Die Systeme, die Forschende des Instituts für Bioingenieurwesen der ETH Lausanne (EPFL) und der Universität Genf entwickeln werden, sollen grundlegende Informationen darüber liefern, wie Zellen auf osmotische Schocks reagieren. Denn das ist wichtig bei Infektionen und bei der Nieren- und Darmfunktion.
Die Wissenschaftler «werden auch mehr über die Zellmigration erfahren, die für viele Zellprozesse wie die Wundheilung, die Ausbreitung von Krebszellen und die immunologische Reaktion von entscheidender Bedeutung ist», kündigten die beiden Unis in einer Mitteilung vom Freitag an.
Fast jeder hat die Mechanismen der Zellhydrierung schon schmerzhaft am eigenen Leib erfahren müssen, beispielsweise nach dem übermässigen Genuss von Alkohol. Der sogenannte Kater «wird durch ein Wasserungleichgewicht in unserem Körper verursacht», erläutert Sylvie Roke, die Leiterin des Labors für grundlegende BioPhotonik der EPFL. «Unsere Zellen werden dehydriert, da sie den Alkohol durch Osmose ausscheiden».

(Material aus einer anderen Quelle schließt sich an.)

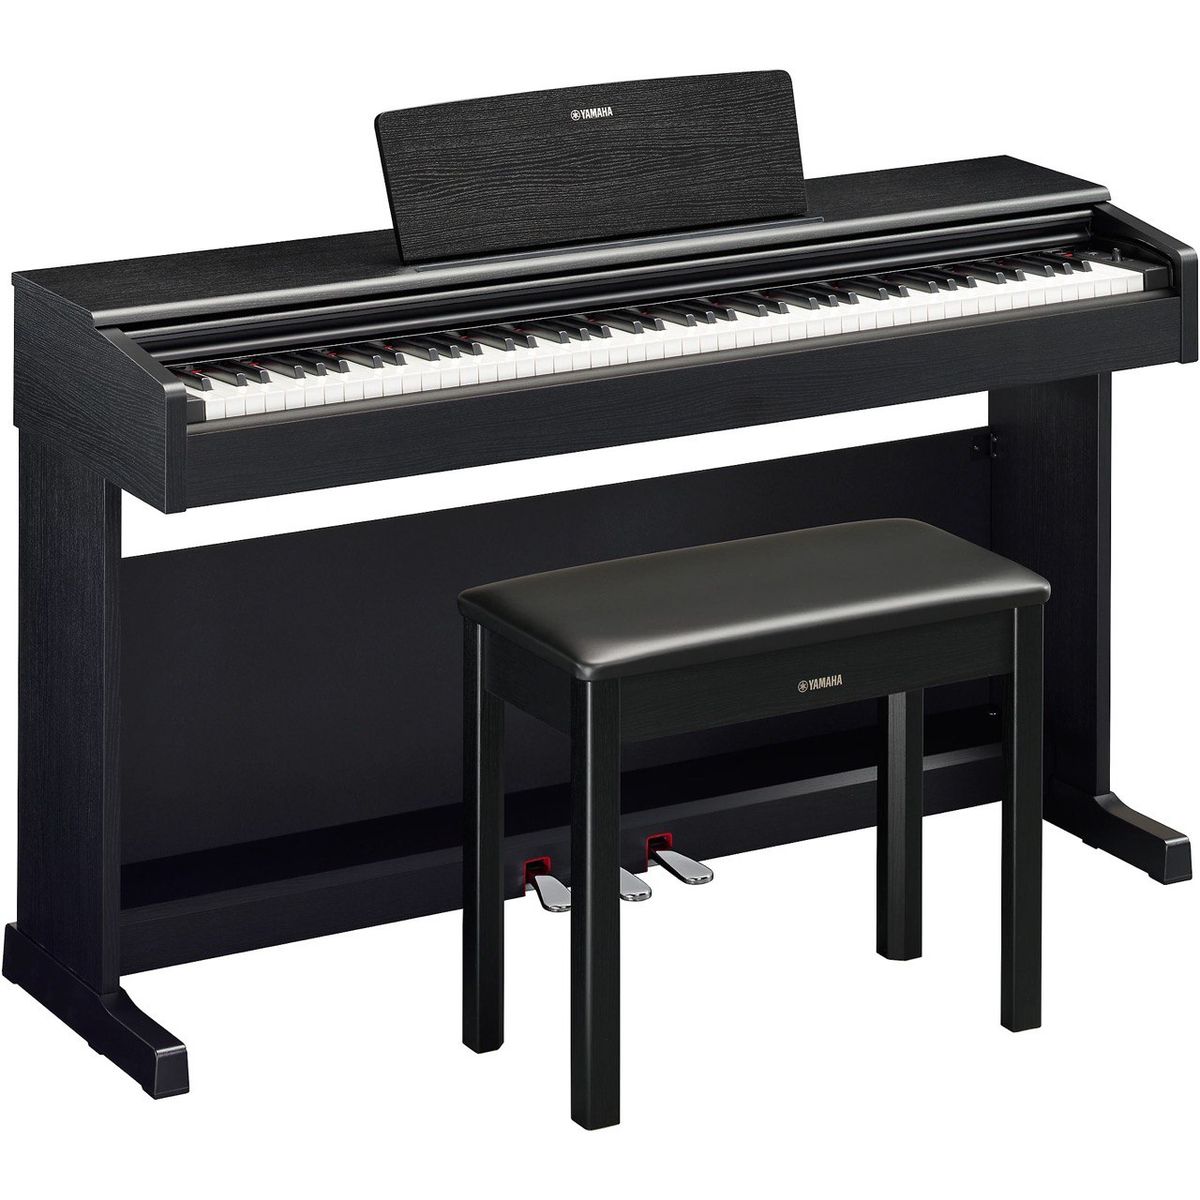 Цифровые пианино Yamaha YDP-145B Arius (банкетка в комплекте) музыкальное пианино утёнок 10 клавиш работает от батареек

«Wenn zwei Flüssigkeiten mit unterschiedlichen Konzentrationen eines bestimmten gelösten Stoffes durch eine semipermeable Membran in Kontakt kommen, entsteht Osmose», führt Aurélien Roux, Professor für Biochemie an der Universität Genf, aus.
«Das Wasser geht von der Flüssigkeit mit niedrigerer Konzentration in die Flüssigkeit mit höherer Konzentration über, bis sich ein Gleichgewicht zwischen den beiden Flüssigkeiten einstellt». Die Zellmembranen sind semipermeabel, sie lassen Wasser durch, aber keine Ionen.
Die Membranen schützen die Zellen vor ihrer Umgebung. Indem sie die elektrische Aktivität der Zellen und den Austausch von Verbindungen mit den umgebenden Flüssigkeiten regulieren, halten sie die Zellen gesund und stabil.
Wenn Osmose stattfindet, bläht sich eine Zelle auf oder sie schrumpelt zusammen. Das verändert die Spannung der Zellmembranen - wie bei Ballons. «Die Kontrolle dieser Spannung ist genauso wichtig wie die Kontrolle unserer Körpertemperatur», sagt Roux. «Erstens kann die Zellmembran bei zu hoher Spannung reissen. Zweitens spielt diese Spannung eine wichtige Rolle bei der Regulierung vieler zellulärer Prozesse».
Über die Spannung der Zellmembran habe es schon viele Studien gegeben, schreibt das Forscherteam, doch sei die Auflösung der verwendeten Abbildungen ungenügend, um die zugrunde liegenden molekularen Wechselwirkungen gründlich zu untersuchen.
Roke und Roux planen daher die Entwicklung neuer Systeme für nichtlineare Bildgebung und optische Spektroskopie, die sich auf die im Labor der EPFL entwickelte Technologie stützen. Geplant ist der Bau von zwei Mikroskopen: eines, das mit Sonden beobachtet, wie Wassermoleküle mit den Lipiden, aus denen eine Zellmembran besteht, interagieren, und ein anderes, mit dem die Membranspannung mit einer noch nie dagewesenen räumlichen und zeitlichen Auflösung untersucht werden kann.